Добавить в цитаты Настройки чтения

Страница 5 из 54



Явившийся по звонку лакей уже стоял перед столом.

— Подписывайтесь, друг мой, и припишите сверху адрес, — поощрил меня к дальнейшим подвигам Родриго.

Почти машинально я вывел на заголовке телеграммы: «Россия. Петербург. Журналу “Глобус”» — и, подписавшись, вопросительно взглянул на Суареса.

— Ну, вот и кончено, — заметил он, передавая роковой листок лакею. — Теперь уж остаются пустяки. Идемте…

Я окончательно потерял почву под ногами и перестал сопротивляться.

Мы взяли наши шляпы и вышли из отеля.

— Куда теперь?

— Вербовать участников для предполагаемой поездки.

Этого ответа я уж никак не ожидал…

Суарес очень мило улыбнулся.

— Что вы на меня смотрите, точно я с луны свалился? Не предполагали ж вы, надеюсь, что мы сам-друг отправимся за золотым руном Сан-Бласа?

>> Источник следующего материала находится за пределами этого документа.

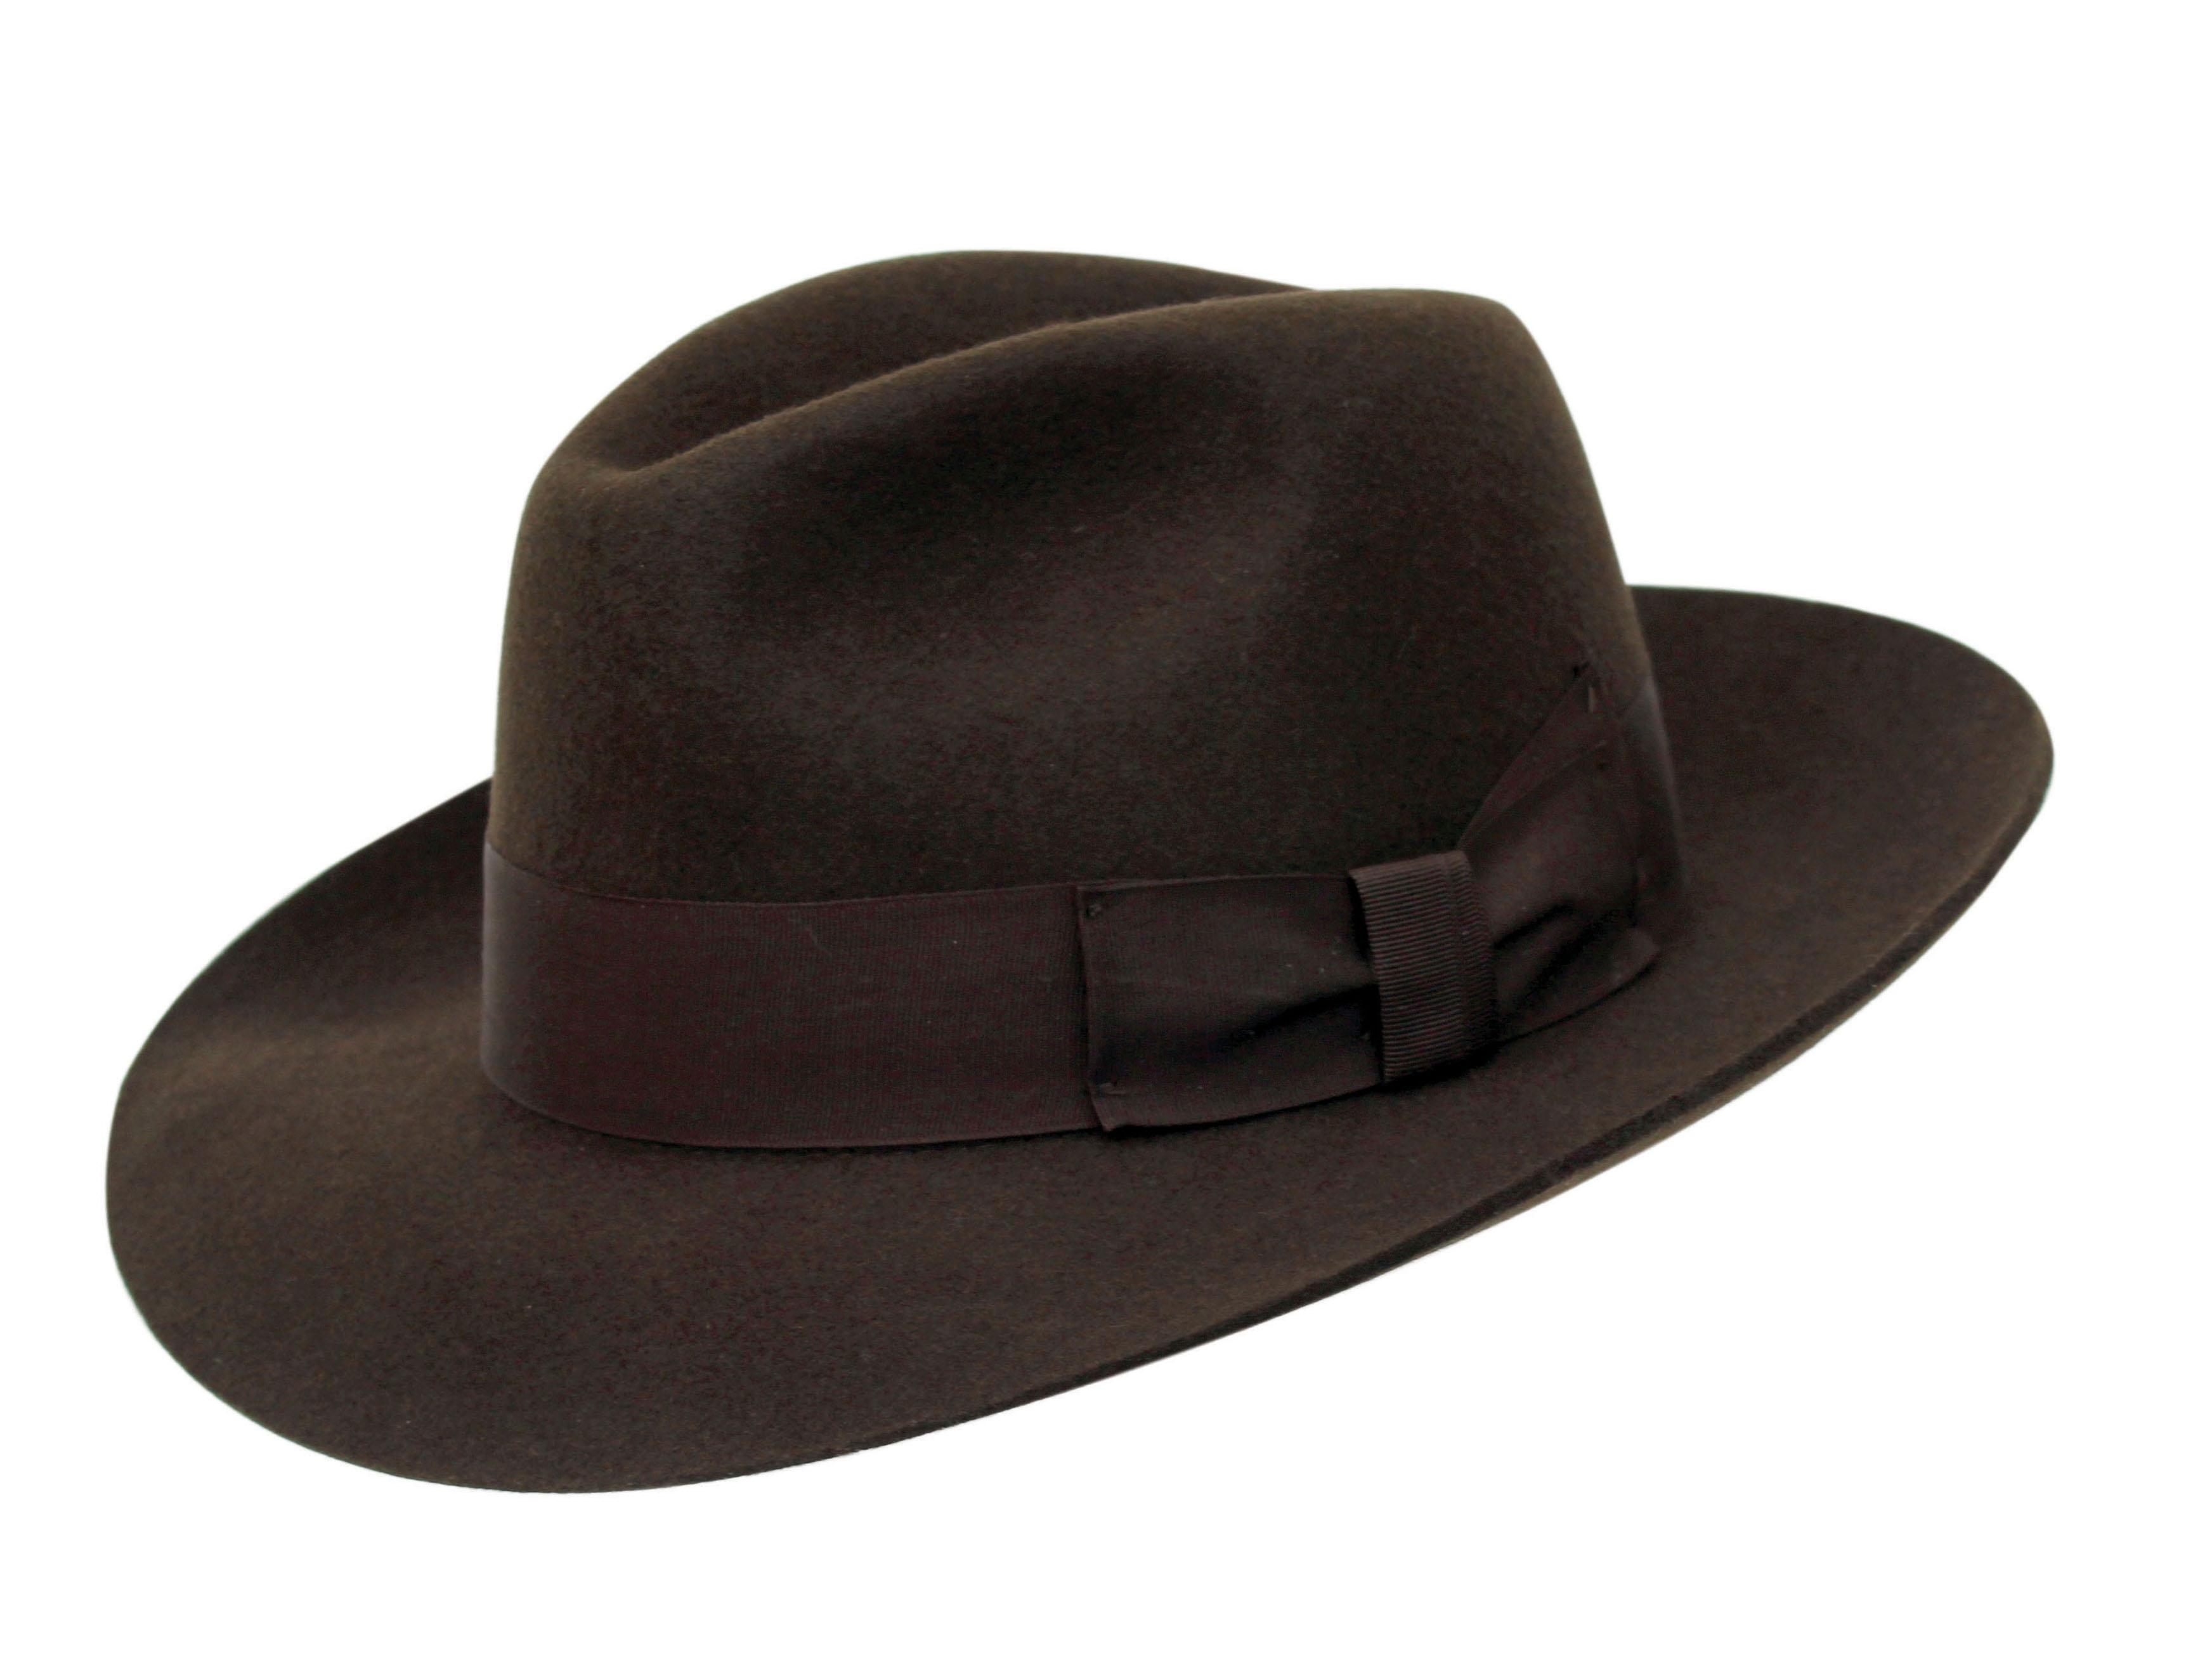 Wool Felt Trilby s   Fedoras Archives - Denton Hats f0c8912a3427

— Но вы мне сами говорили, что выступление назначено на послезавтра!..

— Да, говорил… Так что же вас смущает?

— А то, что я, против ожидания, оказываюсь чуть ли ни единственным вашим компаньоном. Отсюда ясно…

— Что и другие будут к сроку… Иначе я вас не стал бы приглашать.

Мне оставалось только пожать плечами.

Мой спутник что-то усиленно соображал и не предпринимал никаких мер для возобновления неожиданно прервавшегося разговора.

В полном молчании прошли мы несколько кварталов и, наконец, остановились перед решеткой «патио», из-за которой доносился слабый плеск фонтана и мелодическое позвякиванье струн гитары. Это мне, даже в Панаме, показалось архаизмом. Путем горького опыта я уж давно мог убедиться, что и Испания, с которой мы знакомимся по увлекательным романам Немировича-Данченко, и Южная Америка, облюбованная пылкой фантазией Эмара, все это — сказки, эффектные, чарующие несуществующим местным колоритом, но тем не менее — лишь сказки…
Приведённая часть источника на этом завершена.